На бредоподобном этапе выраженная астения властвует настолько, что вынуждает пациентов укладываться в постель. Даже маниоформный синдром с конфабулёзом демонстрирует выраженную физическую немощь. На порядок чаще в клинике наблюдается органическая депрессия с бредом. На фоне депрессии, утяжелившейся по сравнению с предыдущим этапом, появляются бредоподобные идеи, по большей части интерпретативные, объясняющие физическую несостоятельность пациента. Это могут быть идеи отравления, ревности, ущерба и т. д. Обычно эти идеи нестойки, несистематизированы и не разрабатываются больным. При малейшем улучшении состояния пациента бредовые идеи достаточно легко корригируются. Следует подчеркнуть, что бредоподобные идеи всегда опираются на реальные факты, и достаточно логично из них выводимы. Это ставит данный психопатологический феномен между сверхценными и доминирующими идеями. Бредоподобный компонент депрессии оказывается наиболее ярким и демонстративным признаком, что и определило само название этого этапного синдрома. Но как уже отмечалось, все-таки главным структурным элементом его остается астения. Одновременно усиливается нарушения памяти, почему бредоподобные идеи нередко забываются больными и легко замещаются другими, столь же нестойкими и несистематизированными. У некоторых пациентов может отсутствовать критика к нарушениям памяти, но самые простые объективные исследования позволяют легко выявить мнестические расстройства, подчас весьма грубые.

Само появление бредоподобных идей, несомненно, указывает на то, что достаточно сильно страдает мышление, оно становится конкретным, временами до примитивности. Больные могут жаловаться, что стали медленнее соображать, что им с трудом даются сложные логические построения. Но критика к нарушениям мышления у больных, как правило, недостаточная по вполне понятным причинам. Обычно эти признаки легко выявляются в психическом статусе, если врач внимателен или хорошо знает достижения личности в преморбиде.

Только подробный и целенаправленный разговор с пациентом позволяет выявить участившиеся и более тяжёлые, чем на предыдущем этапе, эквиваленты эпилептических пароксизмов.

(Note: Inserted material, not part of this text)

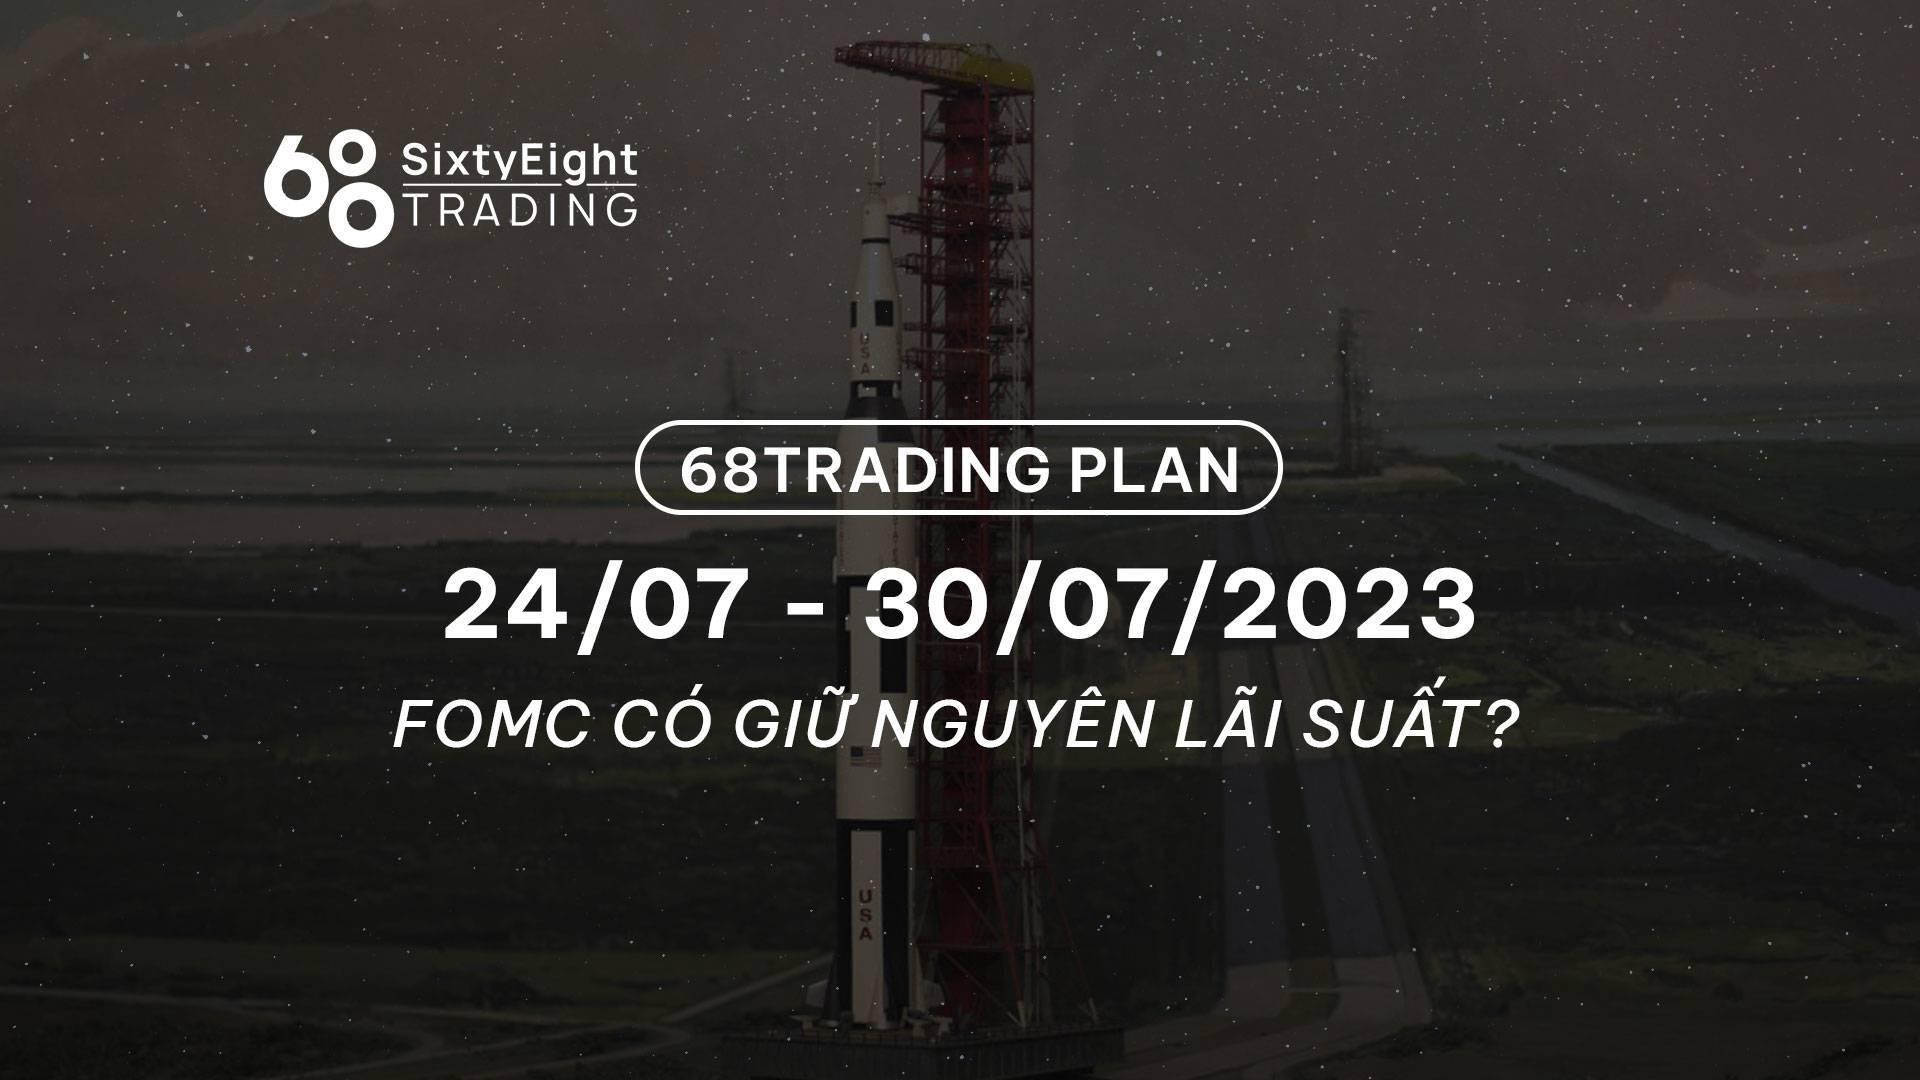 68-trading-plan-2407-30072023-fomc-co-giu-nguyen-lai-suat

Усиливаются суицидальные тенденции, а иногда и совершаются компульсивные суицидальные действия, если последним в значительной мере не мешает выраженная астения. Нередко наблюдаются отдельные признаки делириозного помрачения сознания, возникающие обычно в ночное время. Появляются элементарные зрительные или слуховые галлюцинации, психосенсорные расстройства, возможно формирование полноценного делирия. Но эти явления носят характер нестойкости, кратковременности и пароксизмальности с хорошо выраженным симптомом пробуждаемости.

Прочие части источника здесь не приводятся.